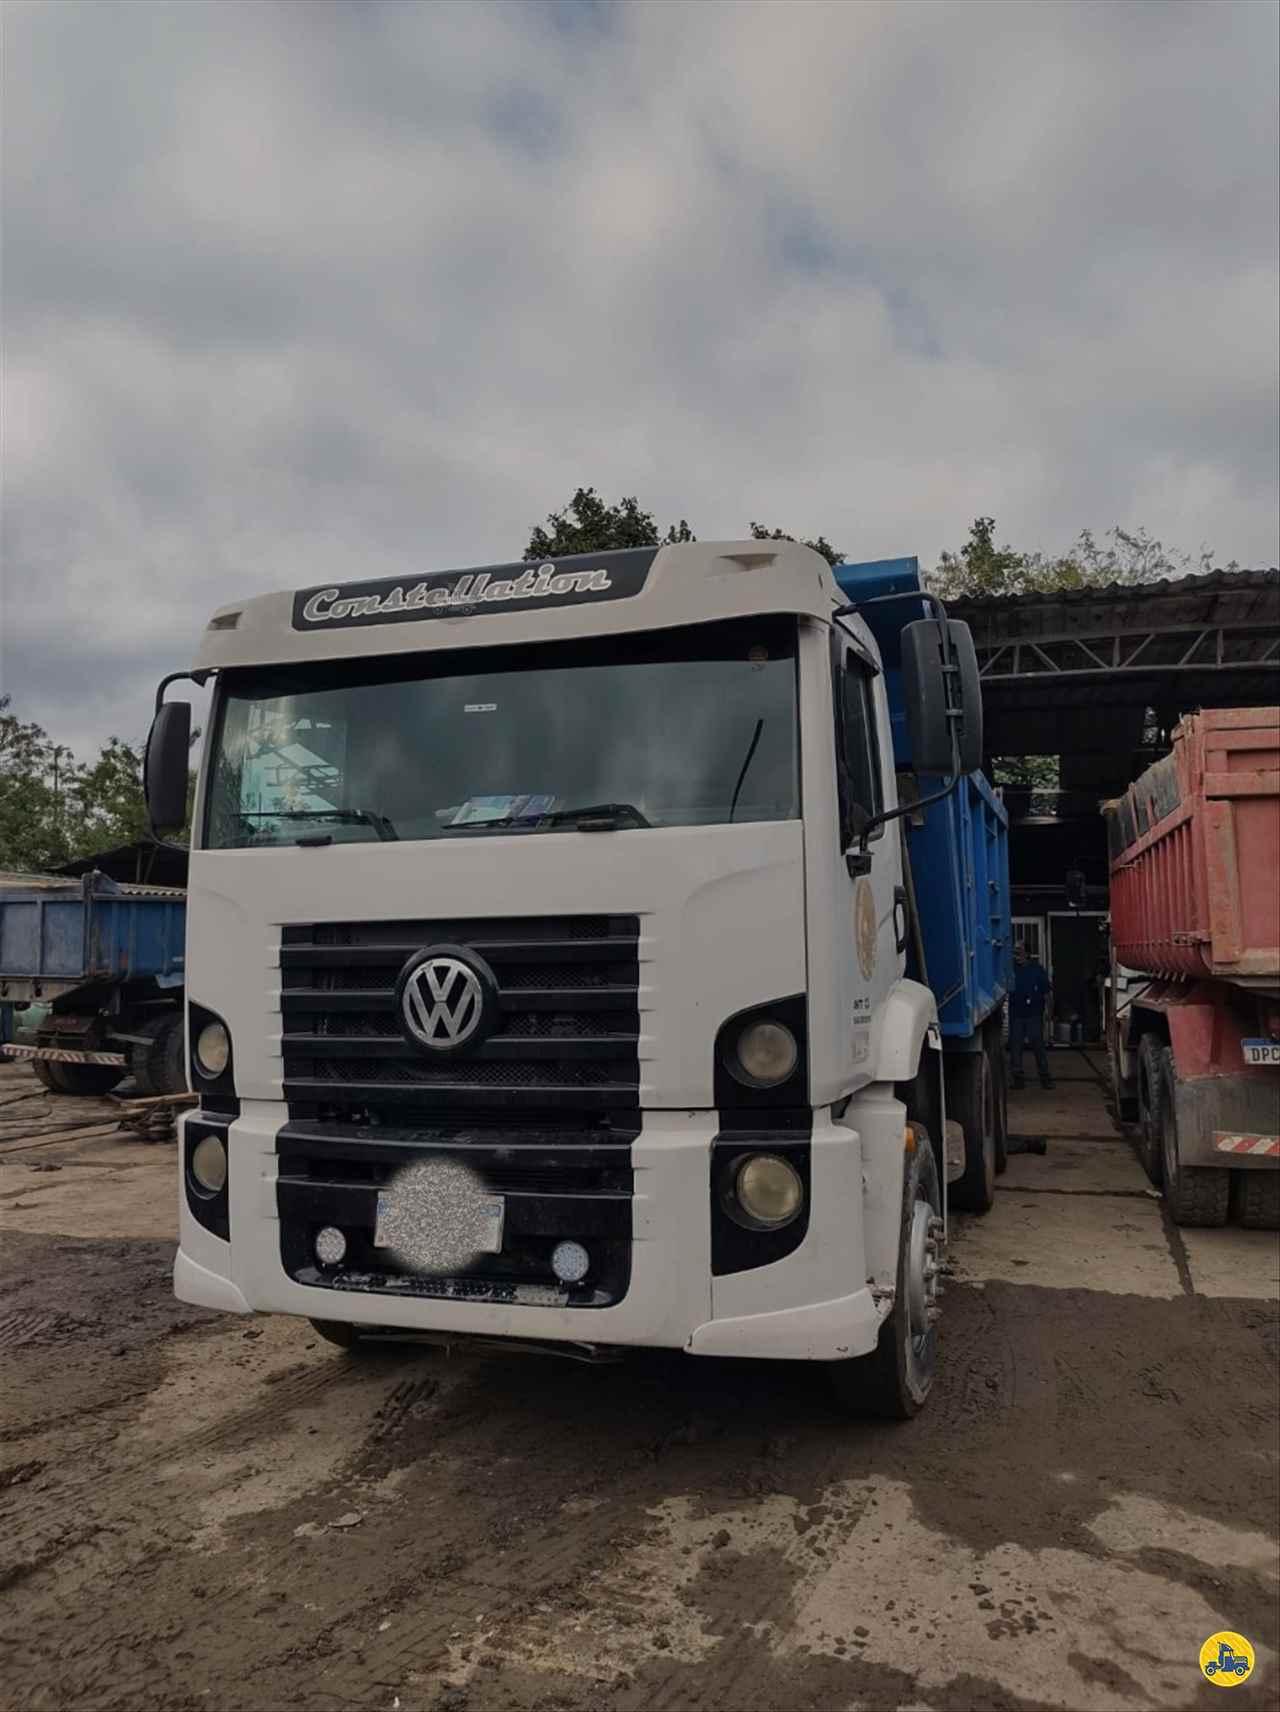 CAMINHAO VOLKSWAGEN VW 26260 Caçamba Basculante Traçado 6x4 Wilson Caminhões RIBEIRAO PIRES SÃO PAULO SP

* * *

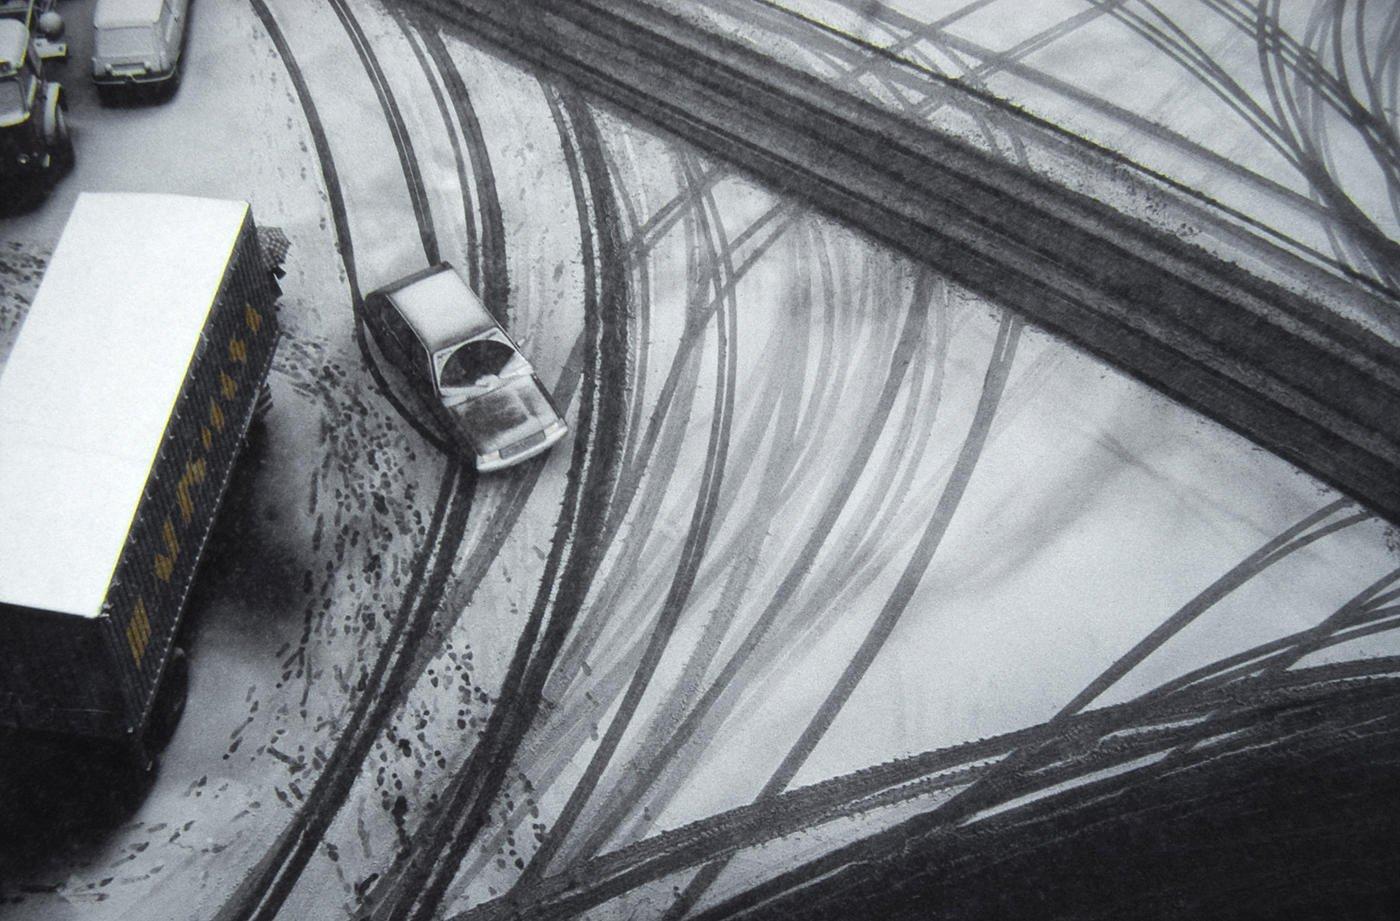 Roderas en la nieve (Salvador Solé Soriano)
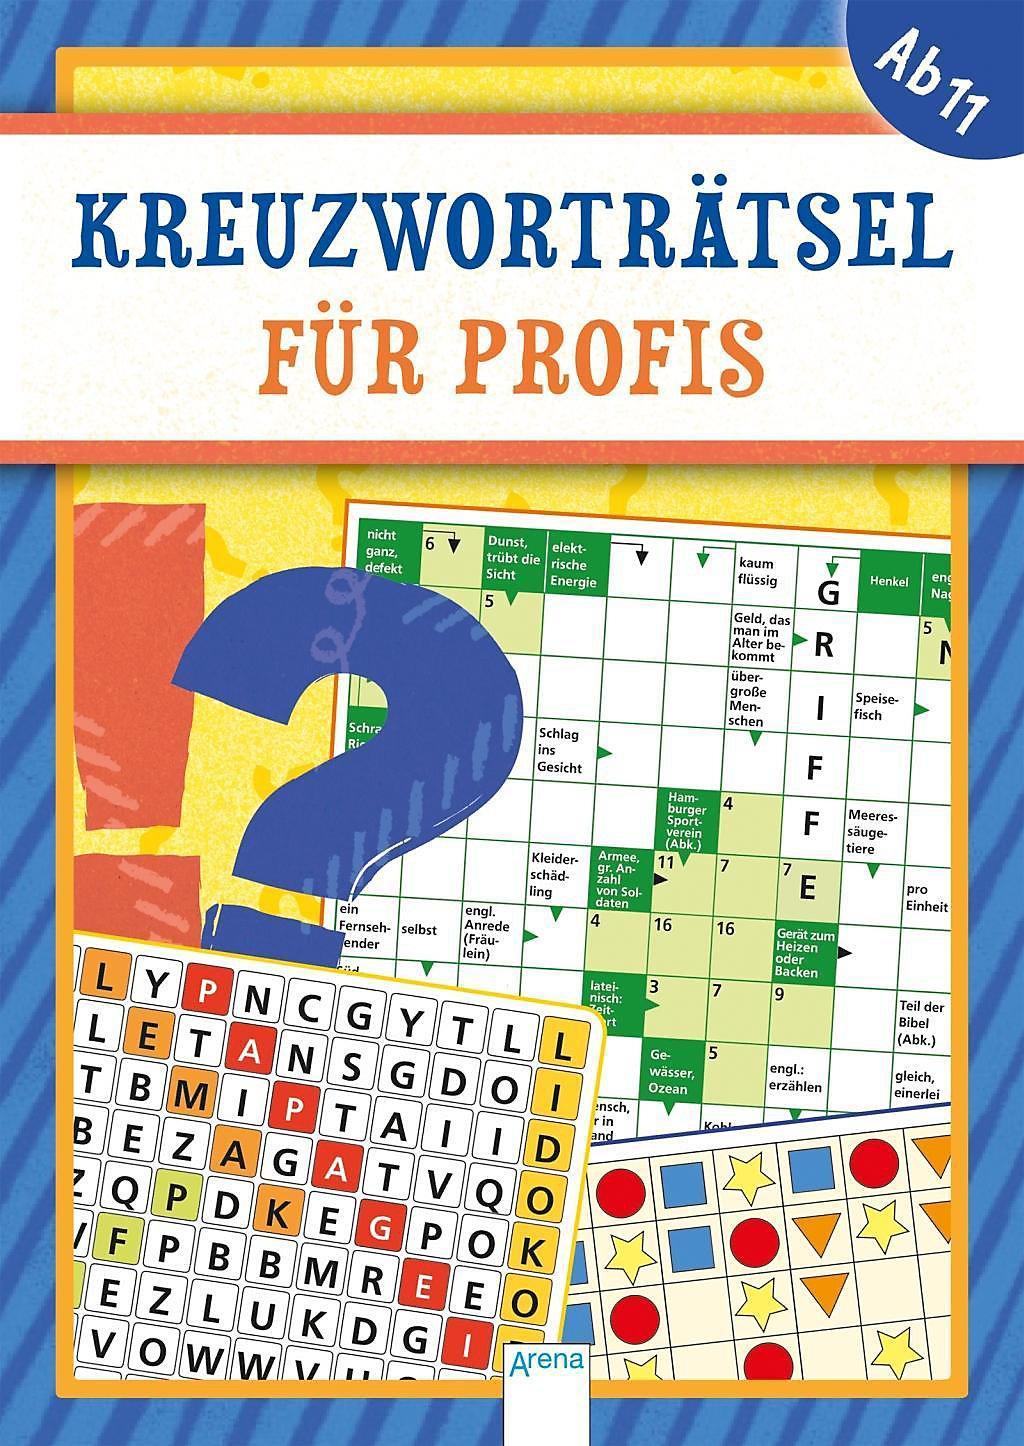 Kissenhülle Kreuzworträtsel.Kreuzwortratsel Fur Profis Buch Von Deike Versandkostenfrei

Task description —
Since the pictures are not part of the copy, please transcribe only the lines above from the one with "Roderas en la nieve (Salvador Solé Soriano)" through the one with "Kissenhülle Kreuzworträtsel.Kreuzwortratsel Fur", exactly and with both ends.

Solution to this problem —
 Roderas en la nieve (Salvador Solé Soriano)
 Kissenhülle Kreuzworträtsel.Kreuzwortratsel Fur Profis Buch Von Deike Versandkostenfrei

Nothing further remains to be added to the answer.